Encontros e Desencontros (Lost in Translation)
Direção: Sofia Coppola
Ano de produção: 2003
Com: Bill Murray, Scarlett Johansson,
Giovanni Ribisi, Anna Faris.
Gênero: Comédia Dramática
Classificação Etária: 14 Anos
Sofia faz de “Encontros e Desencontros” sua obra-prima.
Sofia Coppola praticamente nasceu em um set de filmagem.
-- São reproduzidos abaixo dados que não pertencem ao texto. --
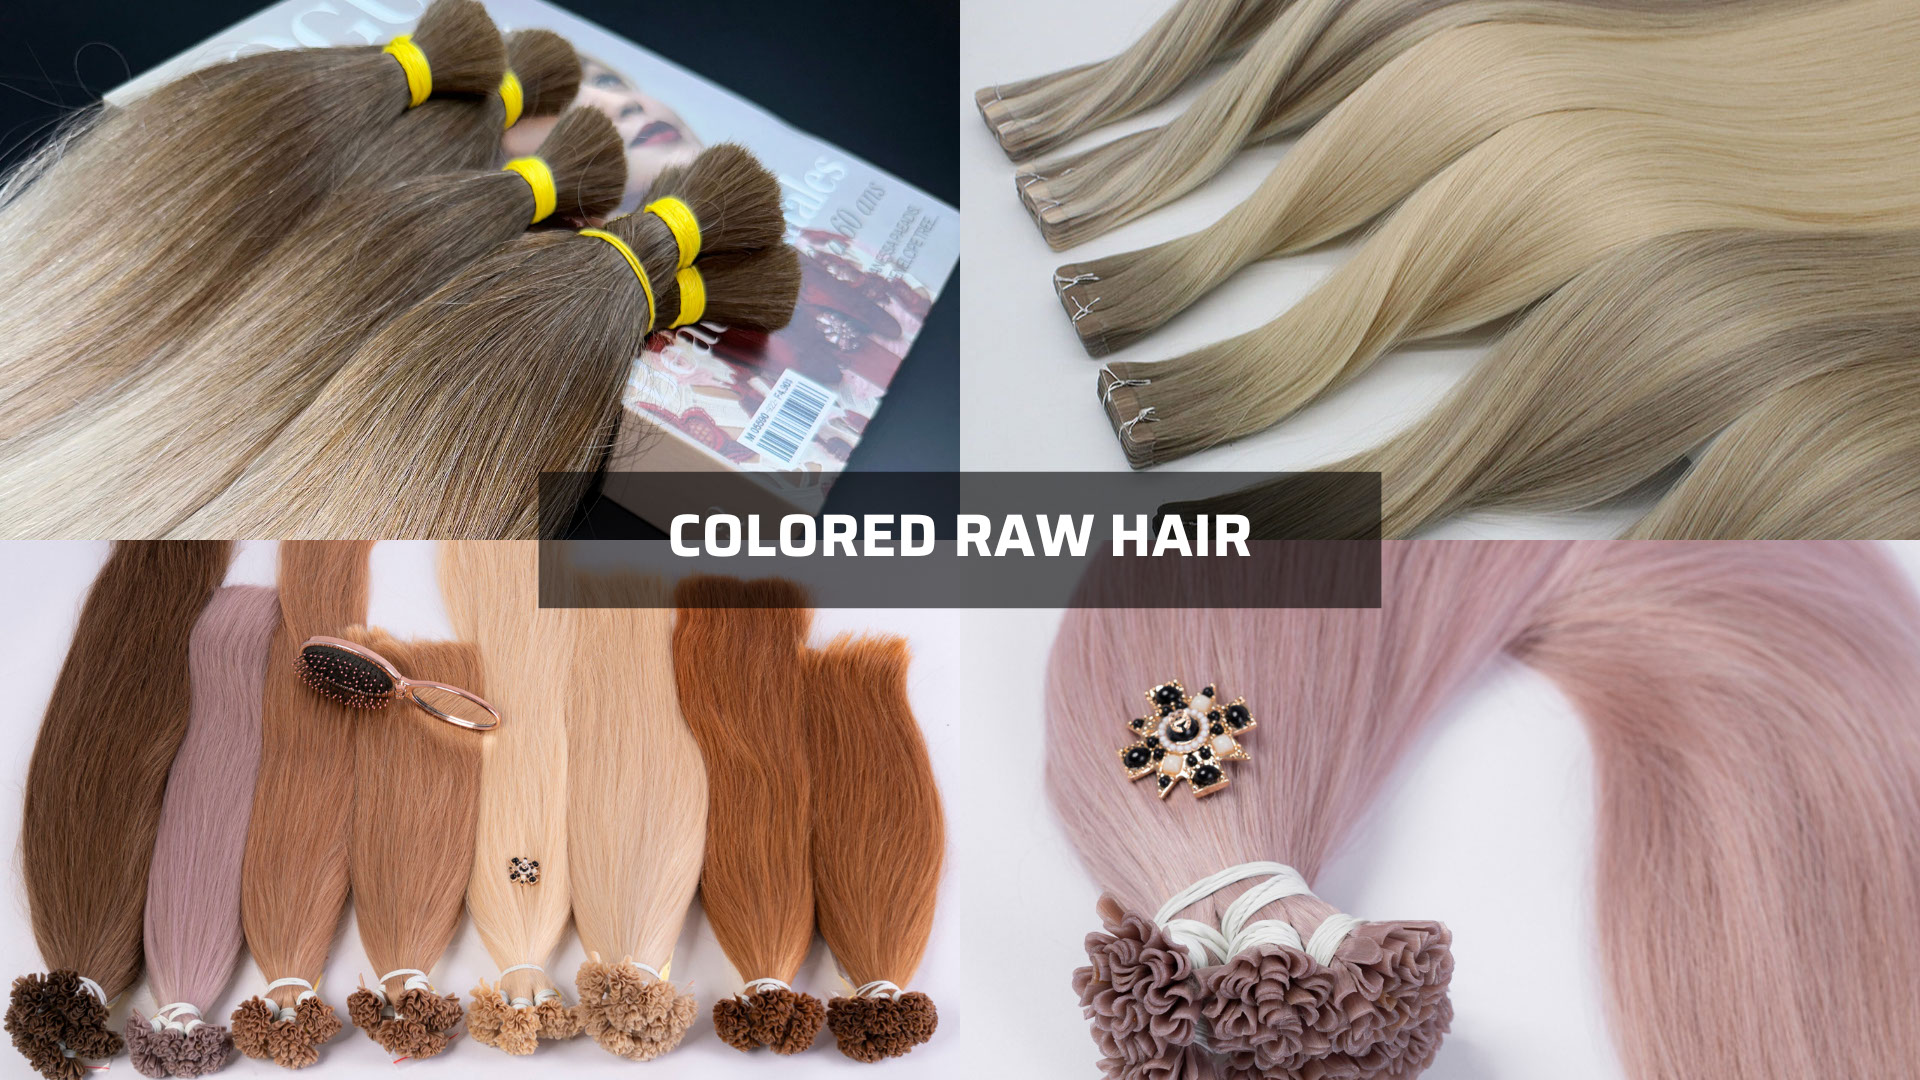 Dyed colored raw hair from wholesale hair vendors

Seu ano de nascimento é 1971 e é ela o bebê de “O Poderoso Chefão”, de 1972. O
motivo principal é, claro, seu pai, o grande Francis Ford Coppola, diretor do
“Poderoso Chefão”. Com um nome desses, obviamente que ela não poderia ficar de
fora do mundo do cinema e logo começou a tomar as rédeas do negócio.
Seu grande momento viria em 1990, quando seu pai a chamou
para fazer a Mary Corleone em “O Poderoso Chefão 3”.
Mas o resultado foi um desastre. Muita gente associa a
não aceitação do filme ao papel de Sofia.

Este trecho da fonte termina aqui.